[[ Collected material, beginning ]]

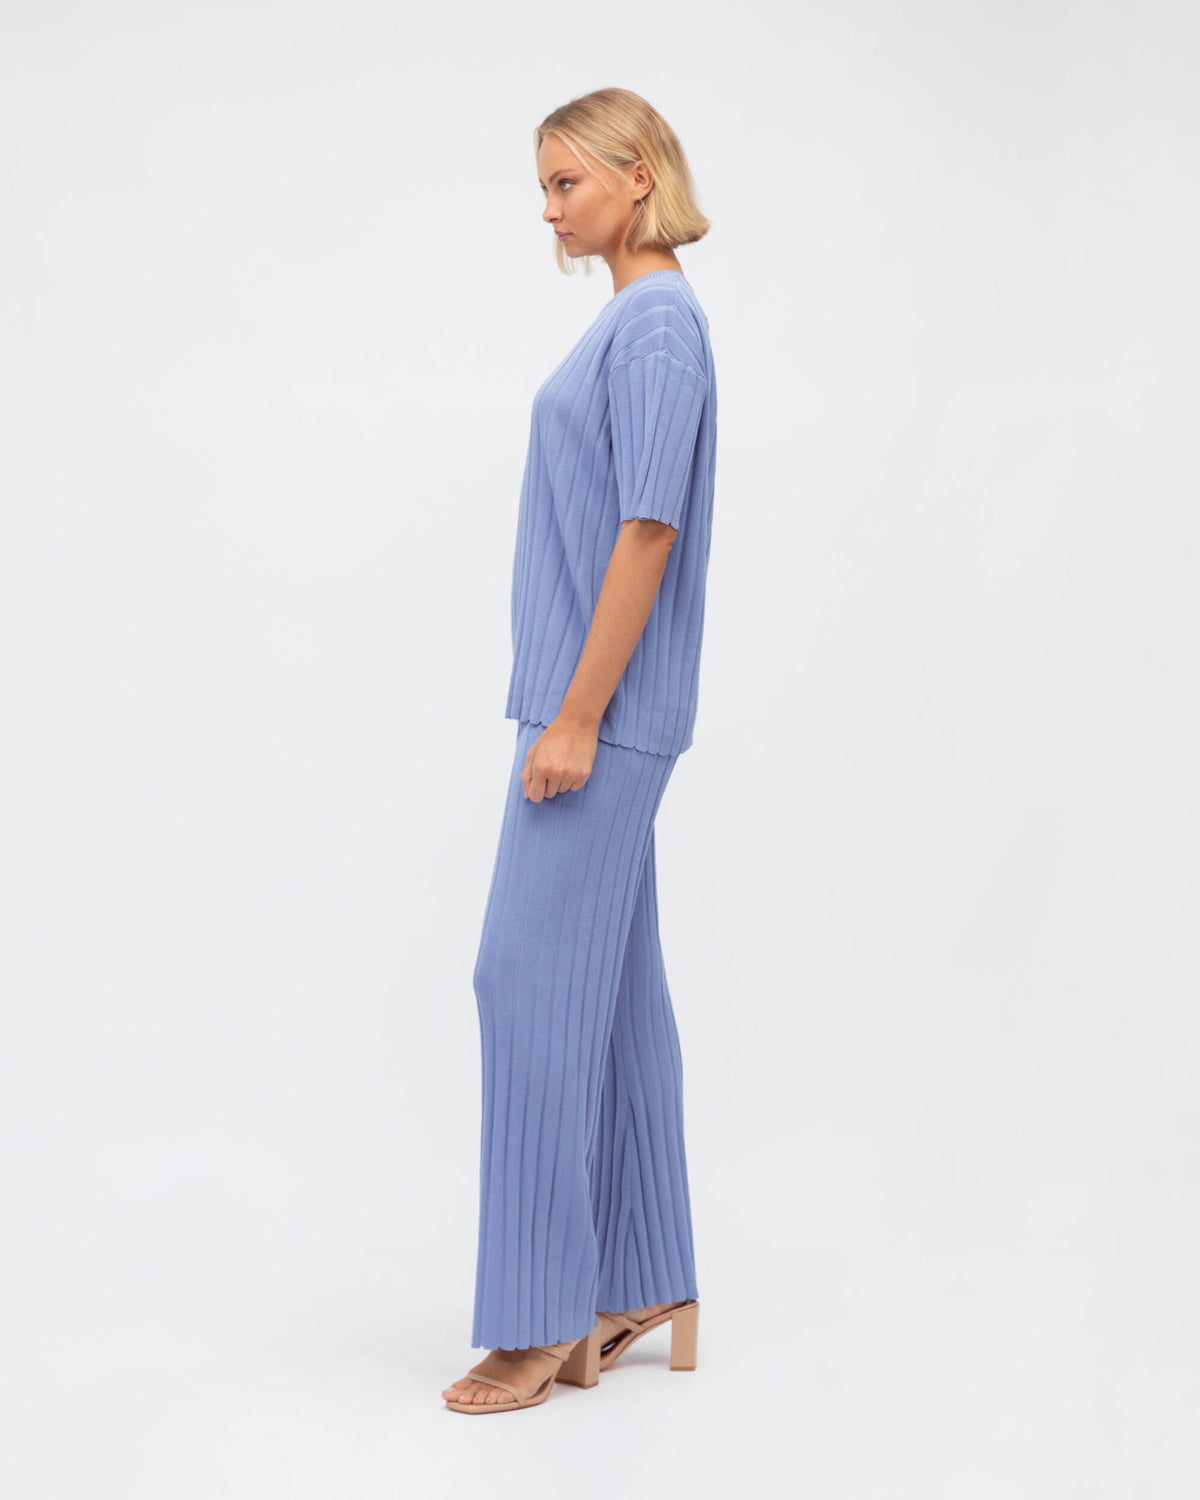 WIDE RIB CO-ORD SHORT SLEEVE TOP
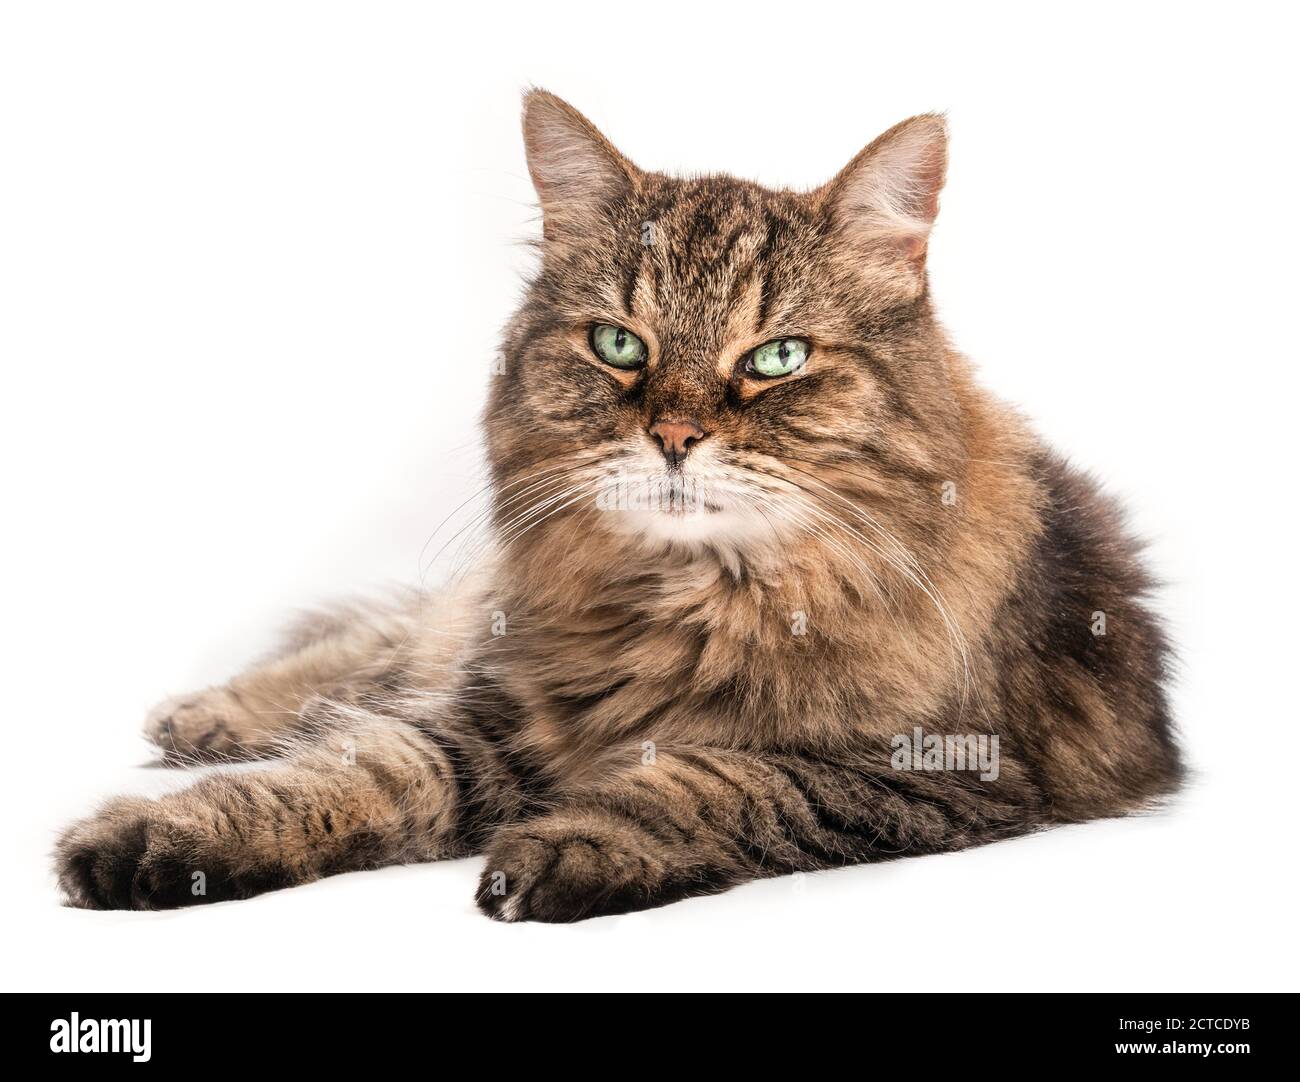 Long hair tabby cat with beautiful green eyes and long whiskers, lying sideways. Relaxed senior cat (14 years) looking at camera. Full body portrait. Stock Photo
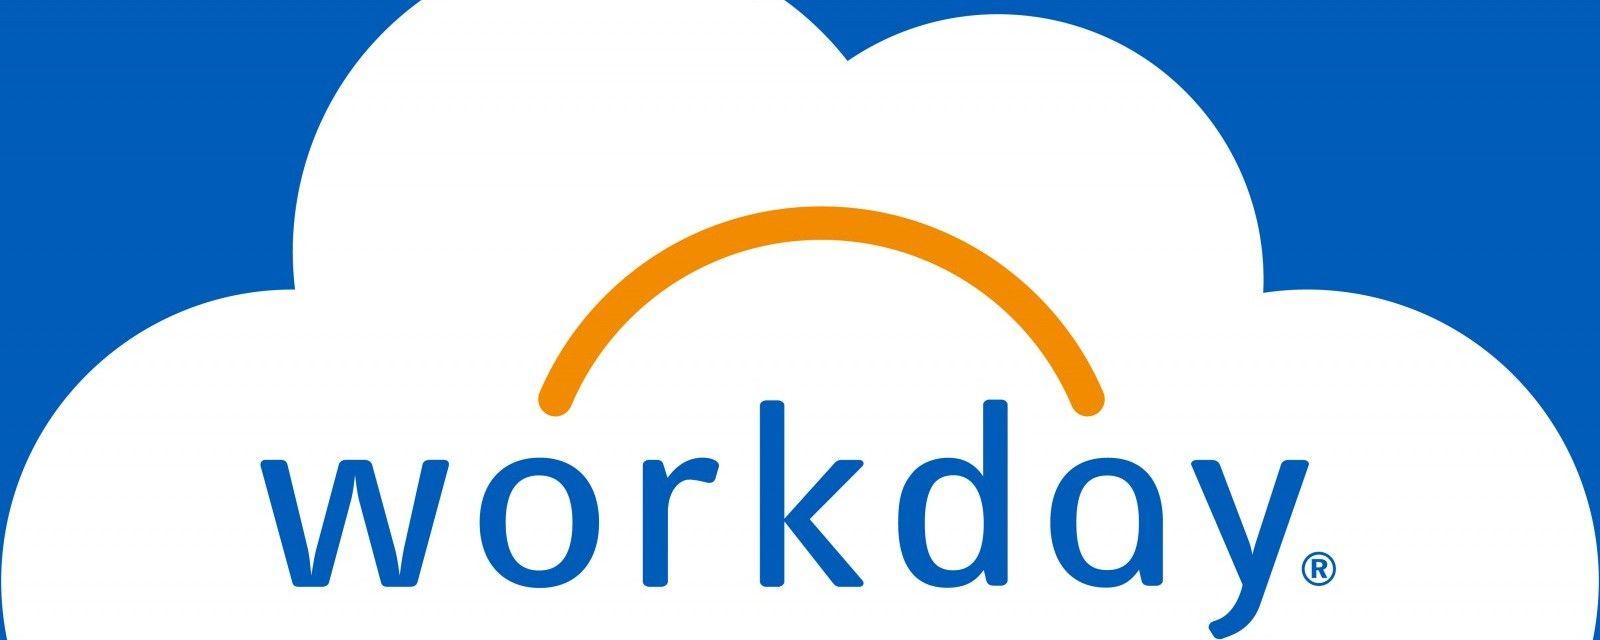 Workday Logo - Dell Boomi Debuts Faster, More Reliable Workday Employee Onboarding

[[ Collected material, end ]]

How to complete this task
Please print the data above once more, exactly as it appears, with no pictures.

Response below
 WIDE RIB CO-ORD SHORT SLEEVE TOP
 Long hair tabby cat with beautiful green eyes and long whiskers, lying sideways. Relaxed senior cat (14 years) looking at camera. Full body portrait. Stock Photo
 Workday Logo - Dell Boomi Debuts Faster, More Reliable Workday Employee Onboarding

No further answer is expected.